Time to give dialogue a chance

Iran President Hassan Rouhani’s telephone conversation with US President Barack Obama was ground breaking. In the past 30 years, the two countries were sworn enemies with anti-American sentiment in Iran rabid, while the feeling in America was reciprocal.

TheStandard Editorial

The rapprochement was not universally received as a good move in Iran with a vociferous group feeling totally betrayed; they chanted anti-American slogans at the airport when Rouhani arrived from New York.

But that was expected, considering the deep-rooted hatred inculcated into the Iranian psyche by successive extremist leadership, particularly that of immediate former president Mahmoud Ahmadinejad.
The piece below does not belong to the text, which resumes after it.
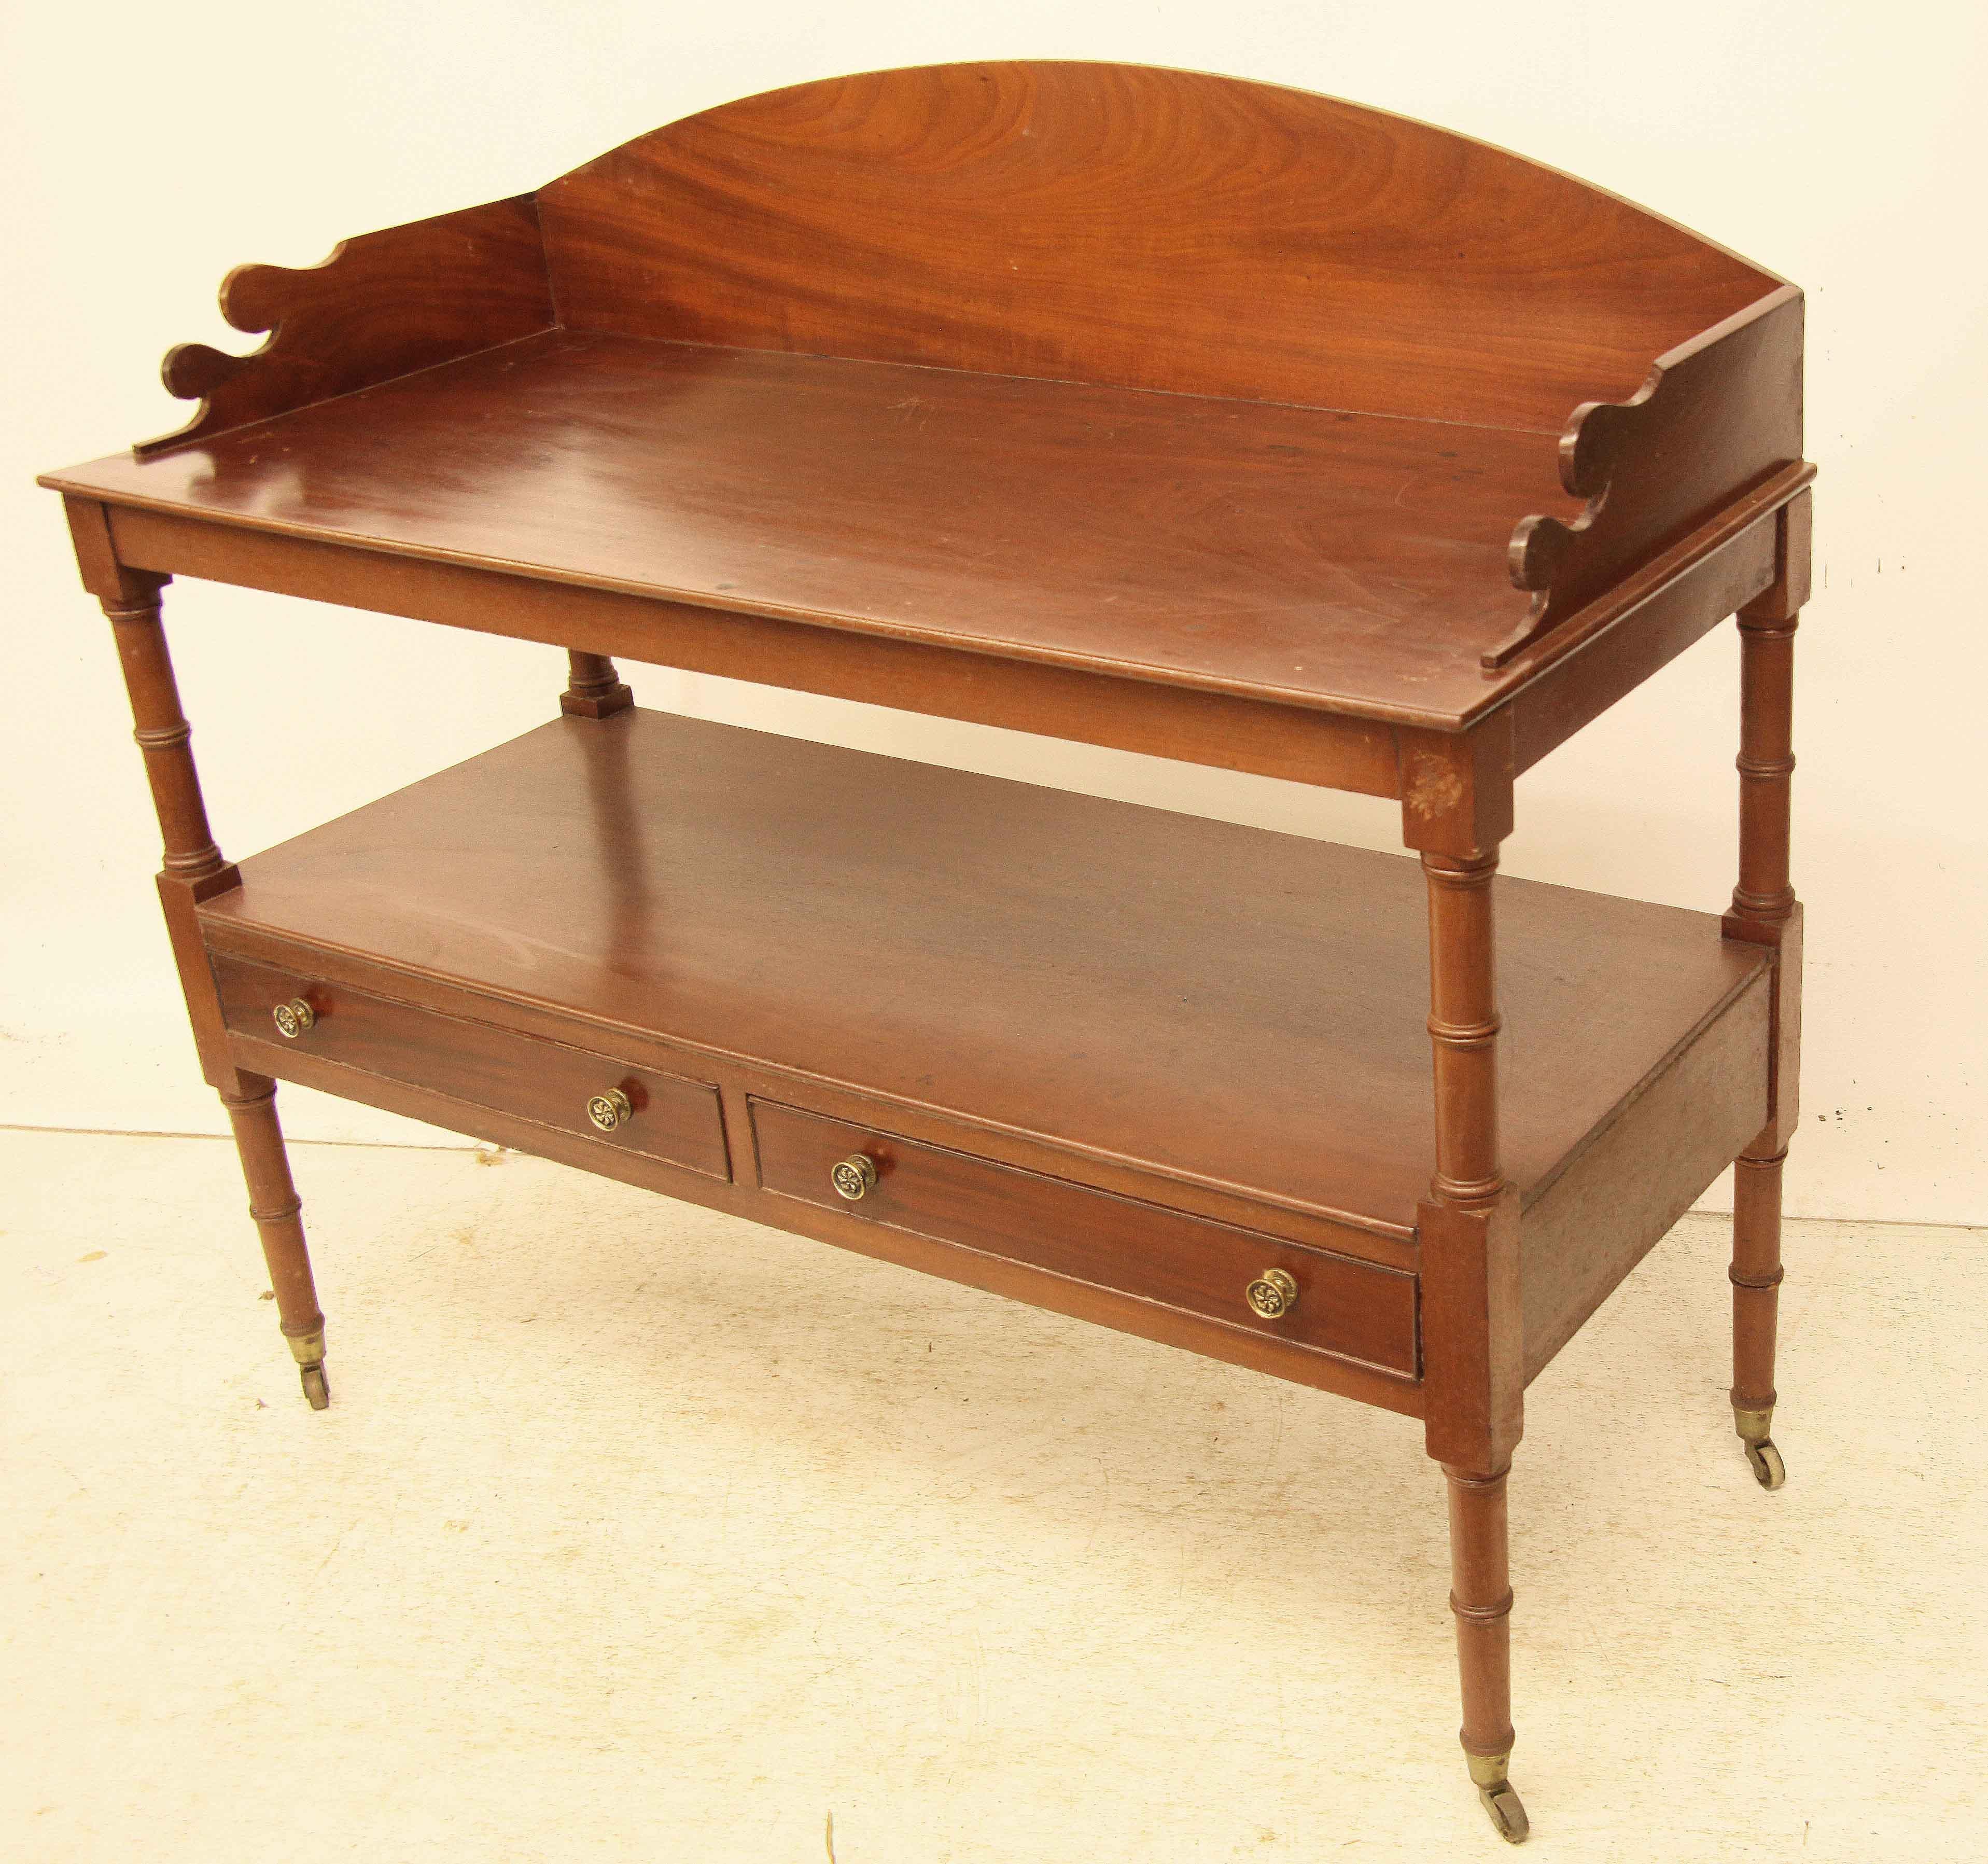 Turned Sheraton Two Drawer Serving Table

The US’s issue with Iran is centred mainly on Iran’s nuclear programme, with the US accusing the Persian Gulf state of being in the process of manufacturing nuclear weapons. But the new Iran president has said he wanted the nuclear impasse solved as quickly as in three months. This showed there is a possibility the two countries could find each other for the benefit of both.

The new air blowing between Tehran and Washington must have been received with alarm in Harare. President Robert Mugabe seems to have lost an ally in Iran.

Ahmadinejad sang from the same hymn book as Mugabe, and he was a key ally in the latter’s fight against America and the West.

In New York last week, while the Iranian president was conciliatory and progressive, President Mugabe was as combative as ever, prompting the US delegation to walk out on him during his address to the UN General Assembly.

The diplomatic tiff between Zimbabwe and the US is not about nuclear weapons, but about an abstract concept called democracy. The extent of the hatred between the Mugabe regime and America is hardly as intractable as that between the latter and Iran. In fact, there are more good things happening between the US and Zimbabwe than bad. Indeed, the US is Zimbabwe’s biggest benefactor by a long shot in terms of humanitarian assistance, in spite of the sanctions mantra that Mugabe is so ready to sing.

The US-Iran overture gives us hope that the US and Zimbabwe might also find each other sooner rather than later.